Sweet Tater on January 29, 2012 at 6:59 PM said...

For the record, and just to clarify...
I NEVER said I would pay for everything. I also never discussed the criteria for what I would and would not pay for. First off, once a kid is married, they are on their own financially, done with college or not. And if the child is at college and not putting forth their whole 100%, then the money stops, no questions asked. I would never pay to let a kid "party." I also expect the kids to help as much as possible. That said, there's no way of knowing how much we would even be able to contribute or what each child will seek as their future...job, college, community college, etc.
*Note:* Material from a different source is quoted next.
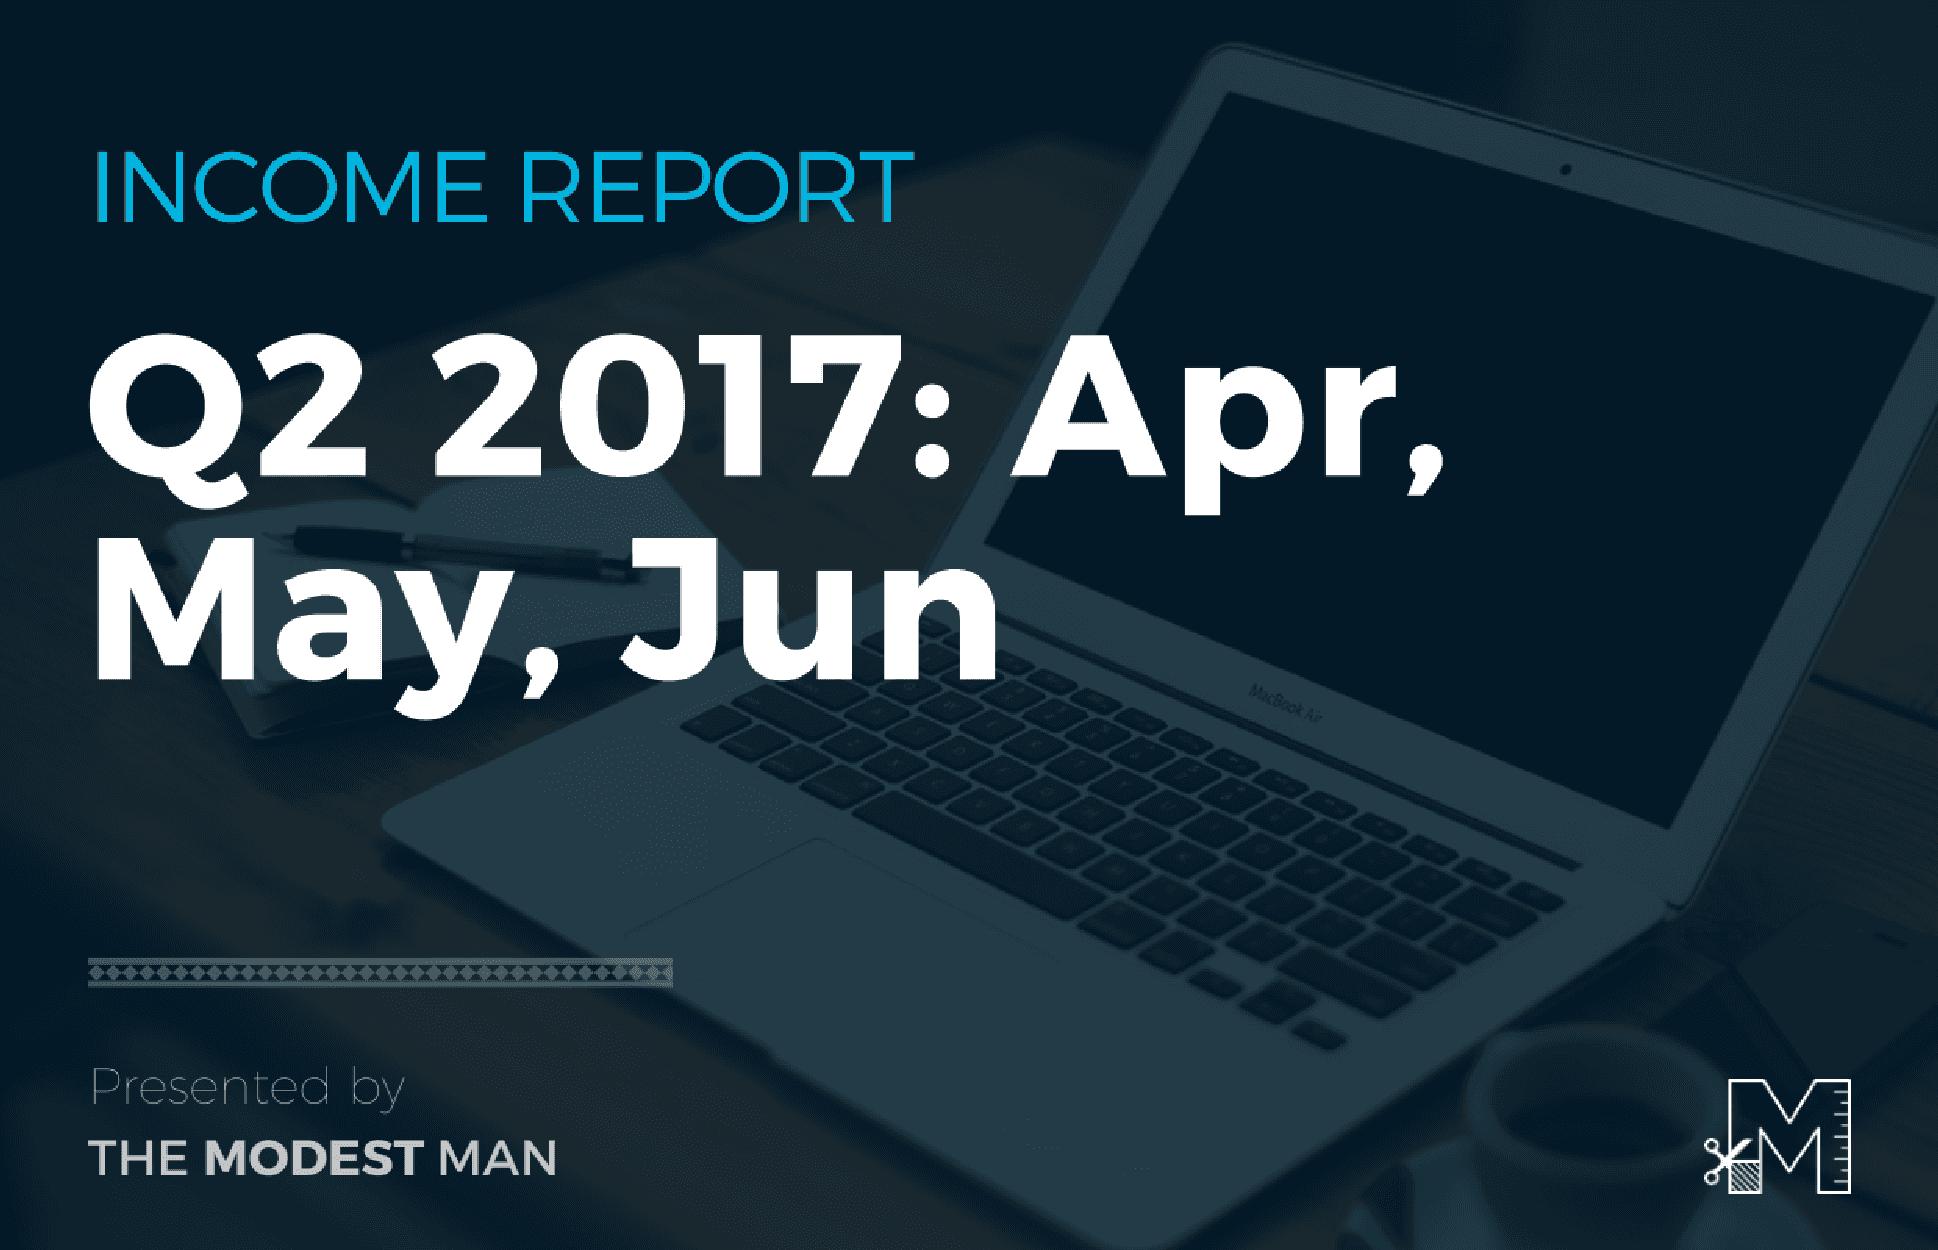 Income report Q2 2017
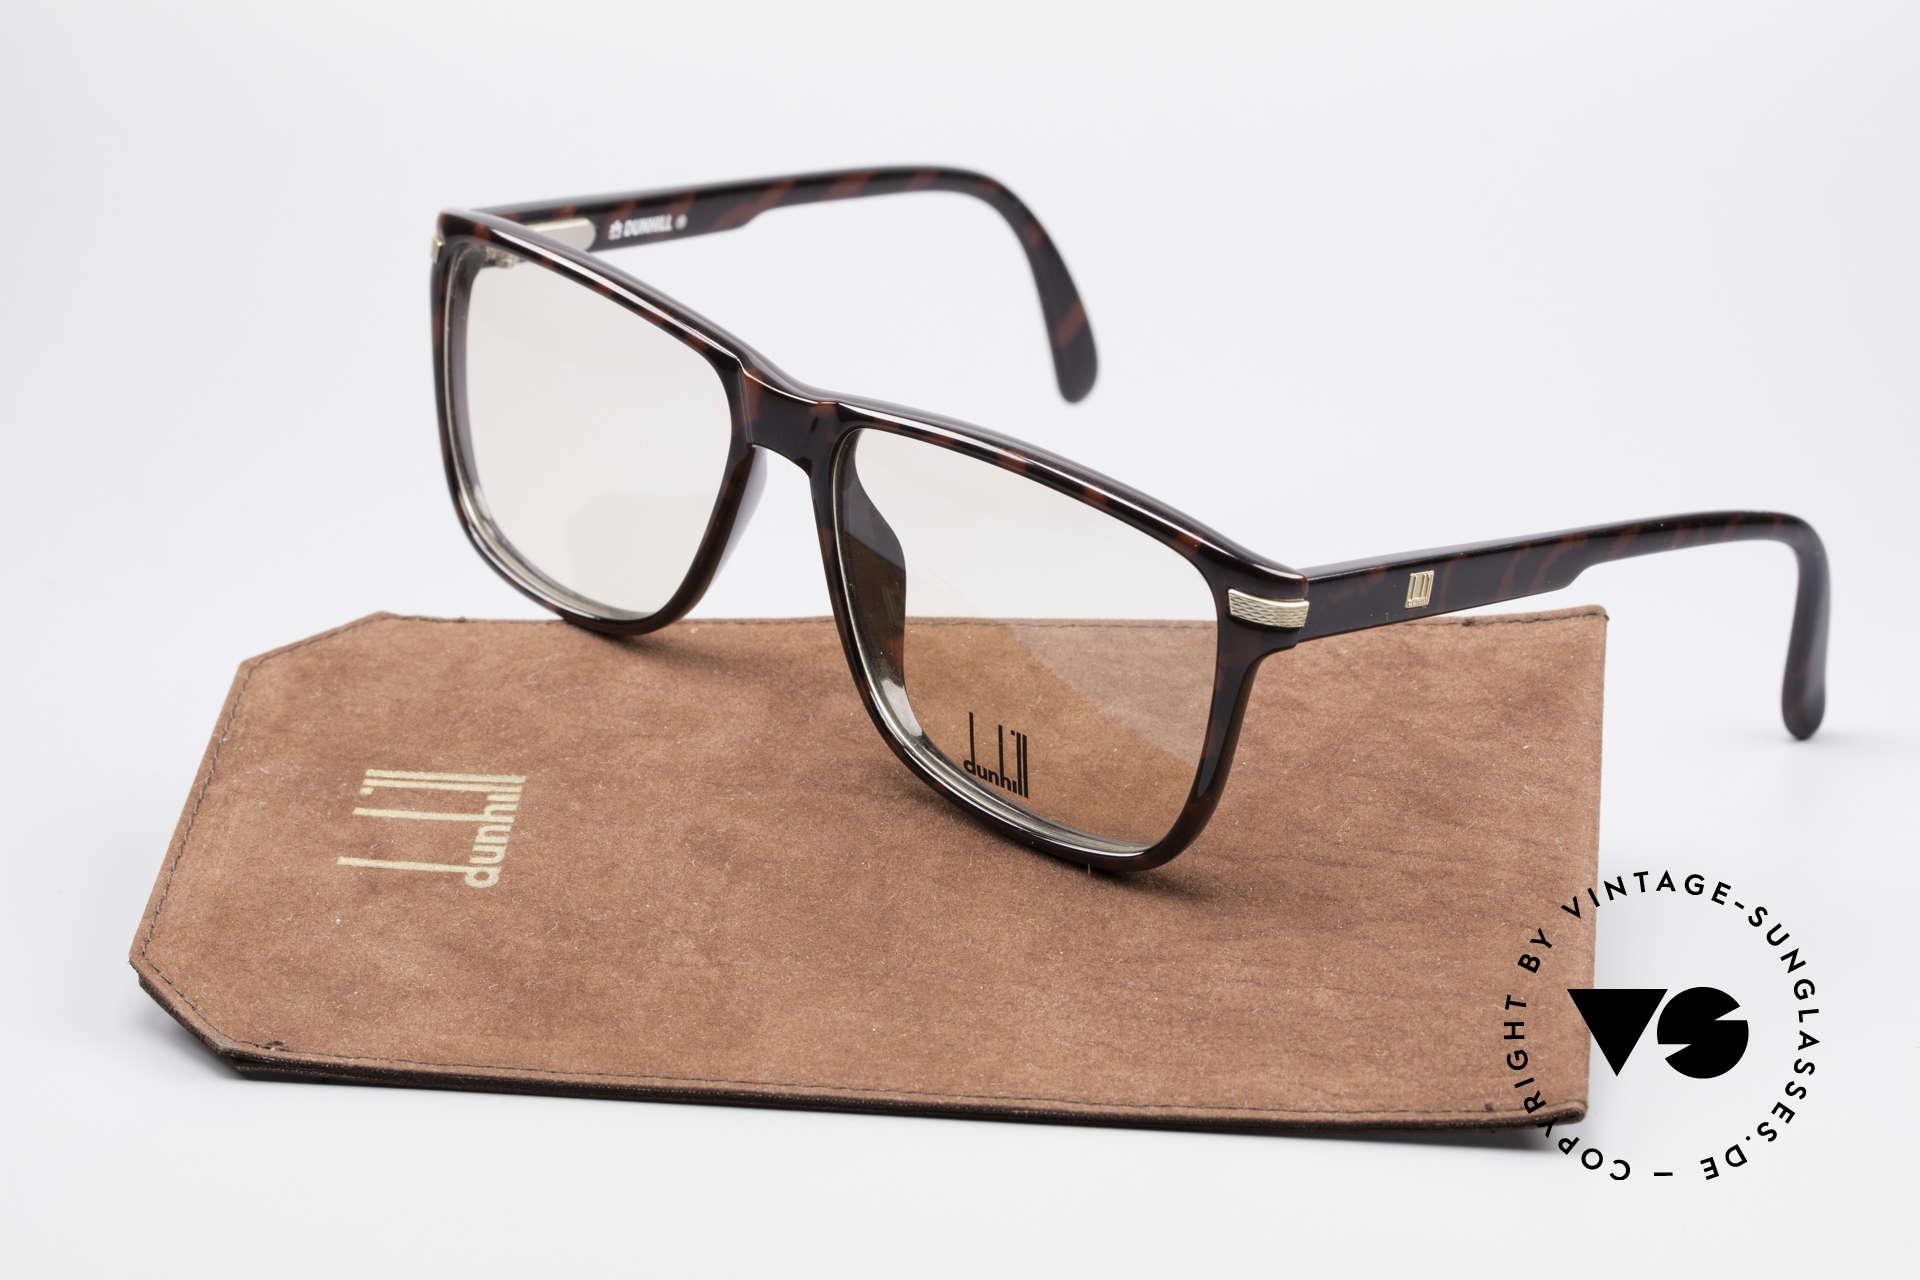 Dunhill 6055 Johnny Depp Nerd Style Frame, Johnny Depp frame or 'nerd glasses'; these days, Made for Men

My parents would have paid every dime of my college, could they have afforded it...which they couldn't. I got a scholarship to cover mine. My parents did buy my books for me, and my mother let me raid her coin jar for the vending machine for lunch on busy school days when I didn't have time to stop for lunch. :)

I also kept a job throughout college, while going to school, taking a full 21 hours, while also working in the drama dept. at college. I was tired a lot, but I was certainly not a lazy bum mooching off my parents. I graduated in 3 years, and one summer course. I was there to get my degree and get out.

I was also expected to pay my own gas, my own car insurance, etc. (I saved to buy my first car, but drove my older brother's until I could...we split the cost of insurance and tires.)

When I did move out into a dorm with a friend of mine, I paid my own food, my own rent, everything else.

Was I spoiled? Yes, but not financially. I knew I had my parents to depend on if I needed them, but they expected a lot out of me, and I think I became a responsible teen/student/adult because of this.

I expect no less from my own children, though, yes, if I had that kind of money (which I don't), I would gladly save them from the debt my husband was forced into, even with him working through school as well. Would I give them a free ride? Of course not. They would, as I said, be expected to give their whole effort and make use of what is given them. There's nothing wrong with giving your child something within your means if you have already raised them to be respectful, responsible, to work hard, and not to take things for granted. That's in the raising...not in the paying for college (If you wait until college to teach this, you've waited too late anyway.) If my mother suddenly decided to write me a check for a few thousand dollars, it wouldn't change ME in any way except my bank account would be a bit larger. LOL

Oh, and off the subject, but related, nontheless...regardless of how much money I have, I will not go out and buy my kid a car. While I will ensure they have a way to work/school/etc if they need it, they will have to work for that one, and therefore, appreciate it and take care of it a lot better.

No, I'm not offended by what you said. I rather think you don't know me and totally misunderstood what I said and my beliefs on the subject.

Oh, and just as a side note, no there's nothing wrong with having your kids have to have loans if they need to. If I hadn't got a scholarship, that's what I would have had to do. That, or go to school VERY slowly as I could pay for it. Do I think having a loan and being forced to pay for it yourself builds character or whatever? No. As I said before, that kind of thing has to be taught WELL before they reach that age.